From collection Place

"During the fall of 1878 and the winter of 1879, the Dorr family was very involved in the building of their country home on a dramatic clifftop site in Bar Harbor. Their expansive property faced northeast to the mainland Gouldsboro Hills, across the long reach of upper Frenchman Bay. They would call their estate "Oldfarm," recalling its heritage as an old farm during the area's agricultural heyday...
"Of the architects who had submitted plans to Charles Dorr while they were abroad, Henry Richards, a son-in-law of Julia Ward Howe, was selected.... Eager to extend his limited success as a Boston architect, Richards began working closely with the Dorr family to execute his design of a large Queen Anne Shingle-style residence. The shingles, hewn from California redwood, harmonized with the warm, reddish-pink, two-foot-thick granite foundation.
"The foundation, one hundred and thirty-two by fifty-two feet, supported a year-round residence of eleven thousand square feet. The first and second floors--of oak, birch, and maple--contained more than a dozed rooms for family and servants, including six bathrooms.
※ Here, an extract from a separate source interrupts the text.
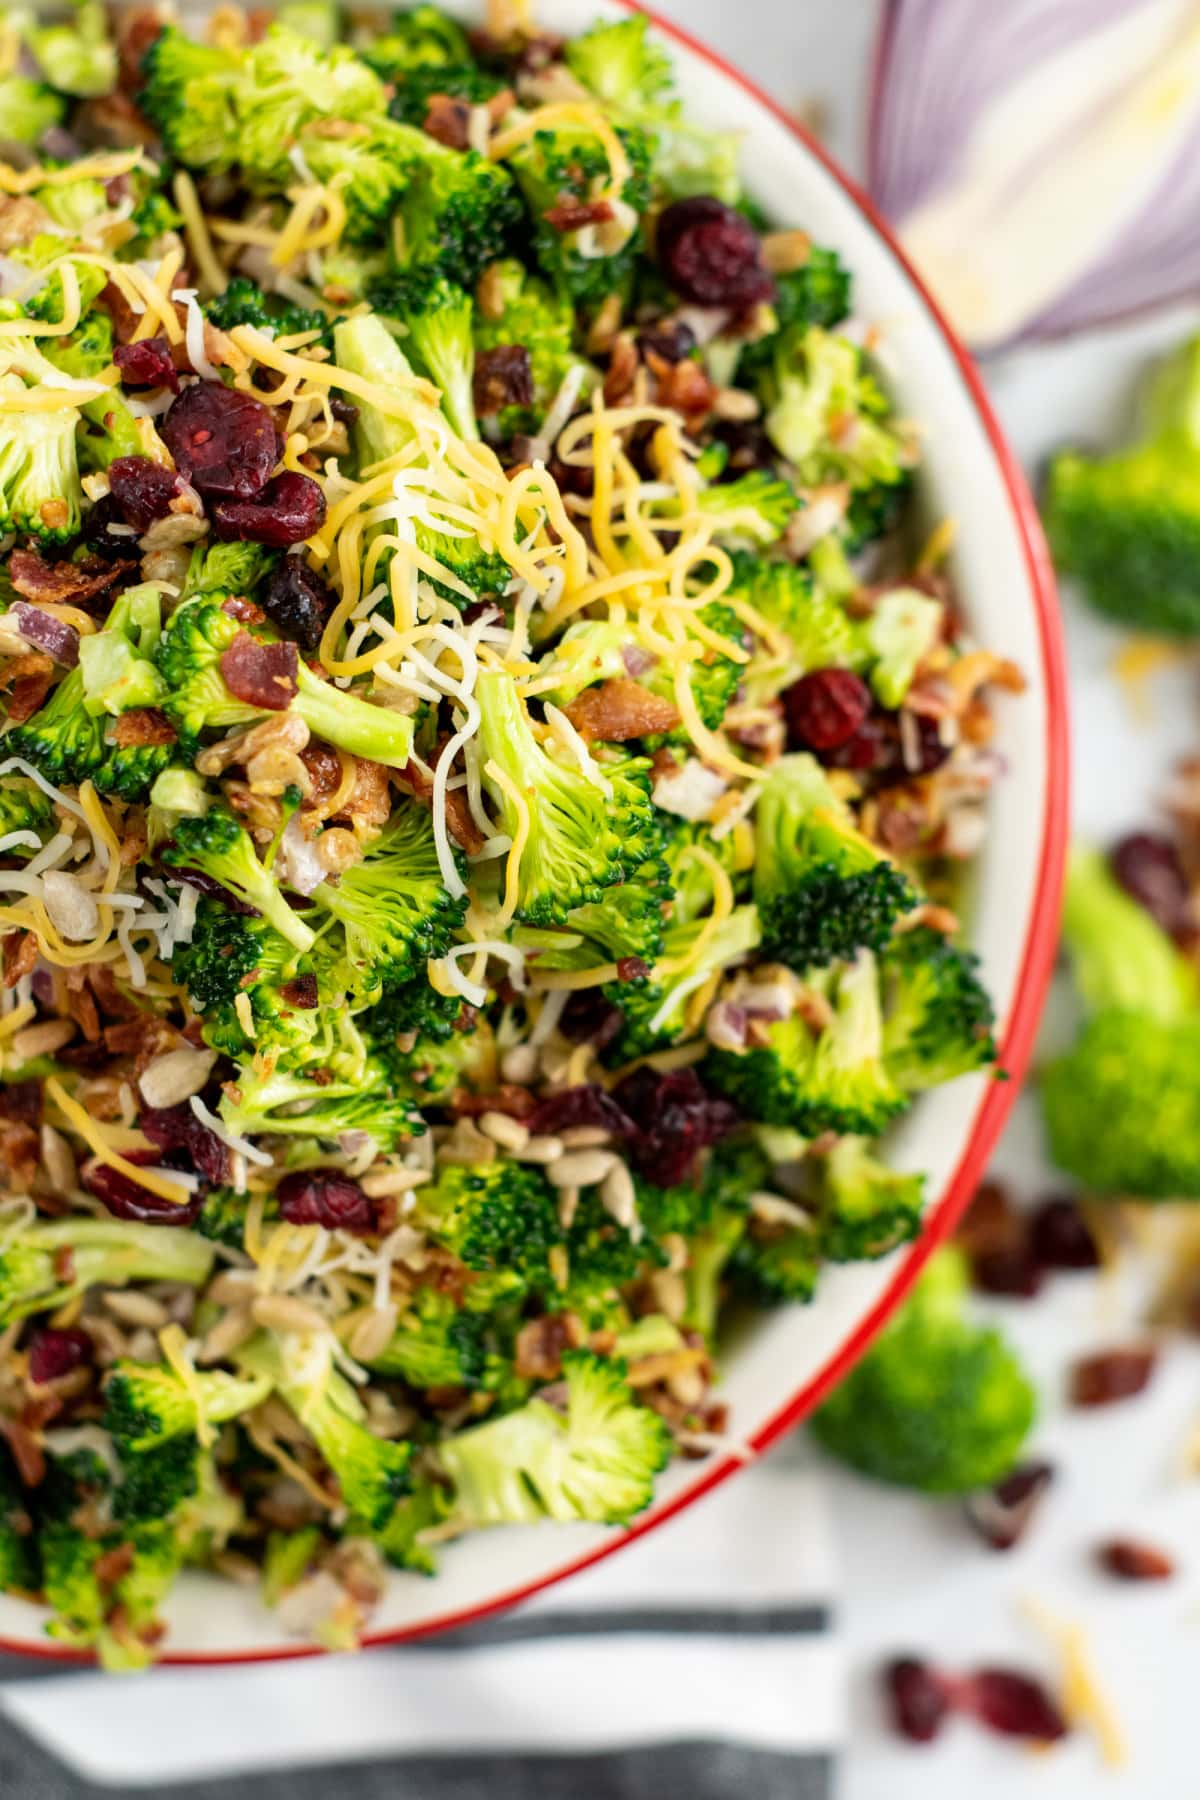 Broccoli salad with craisins extreme closeup

The drawing room, den, library, dinning room, and bedrooms were outfitted with new furnishings and and familiar pieces from their Boston residence.... George Dorr's third-floor Sea Room contained, in more than five hundred square feet, a huge fireplace a large window seat, full-length bookshelves, and small swinging windows that opened to the landscape and seascape.... Within ten years the house would be electrified, easing the visual strain of late-night reading; town water and telephone service were added to keep abreast of the times" (Epp, Ronald H. Creating Acadia National Park: The Biography of George Bucknam Dorr. [Bar Harbor, ME, Friends of Acadia] 2016).
The residence and outbuildings were demolished by the National Park Service around 1950, following Dorr's death in 1944. Trails and a small parking area are maintained by the NPS on the shore property.